Inflation in firewood and chips, which is used by 84 percent of the rural population compared with 23 percent of urban was 7.4 percent, while that in dung cake, used by close to 41 percent of rural households compared with just seven percent in urban centers.

Also, 37 percent of urban households use petrol, and 2 percent use diesel for their vehicles as compared with less than half that, 17 percent petrol, and 0.8 percent diesel in rural households, according to data for fiscal 2012 (latest available).
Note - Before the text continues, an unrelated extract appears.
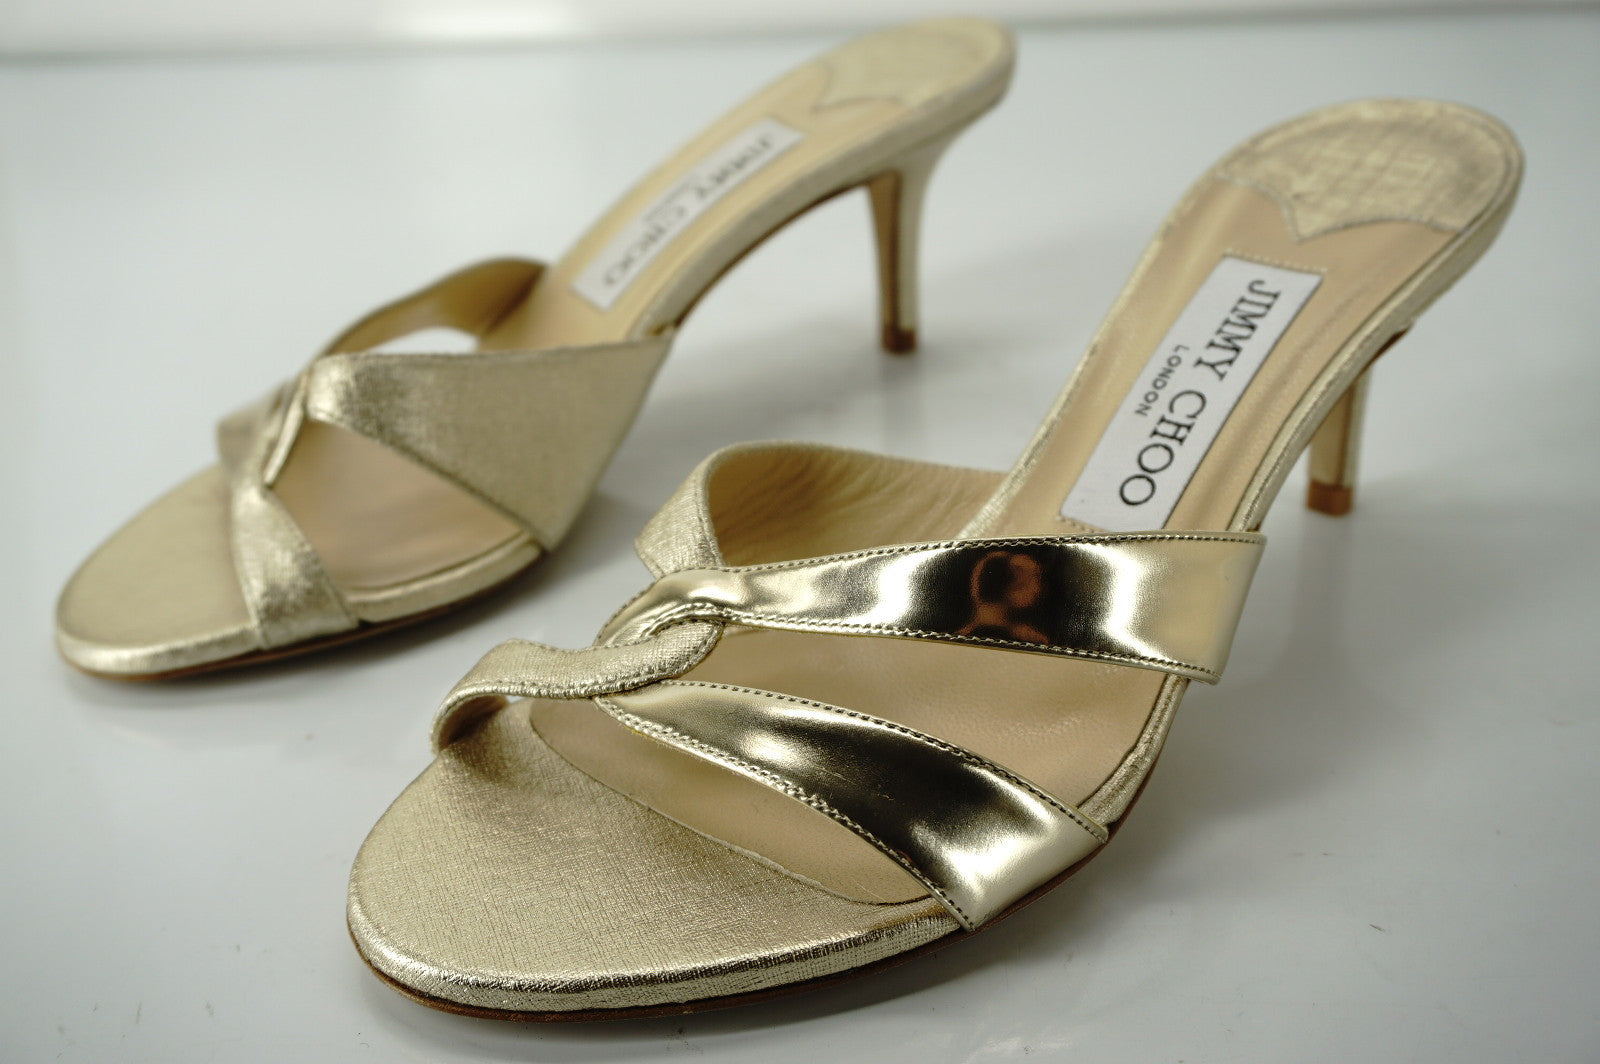 Jimmy Choo Tation Metallic Gold Leather Mid Heel Slide Sandals SZ 36.5 New $675

Petrol and diesel account for 3.5 percent of monthly consumption expenditure in urban areas, and less than half that at 1.7 percent in rural. In addition, poor storage and transport facilities (poor roads and connectivity) have meant limited pass-through of lower commodity prices to the countryside.

The government is improving access through the Pradhan Mantri Gram Sadak Yojana, there is still a long way to go. Lack of recreation options and supporting infrastructure such as constant electricity also stoke inflation in rural areas.

The absence of ample institutional medical services has had a bearing on healthcare costs, overall non-institutional medical inflation rose by 9.7 percent last fiscal, rubbing salt into festering rural price wounds.

To sustainably lower inflation and bridge the gap between urban and rural prices, the government needs to improve road connectivity and healthcare infrastructure in rural areas, and relentlessly implement the Pradhan Mantri Ujjwala Yojana, which aims to provide cooking gas connectivity to five crore below-poverty line beneficiaries over the next three years.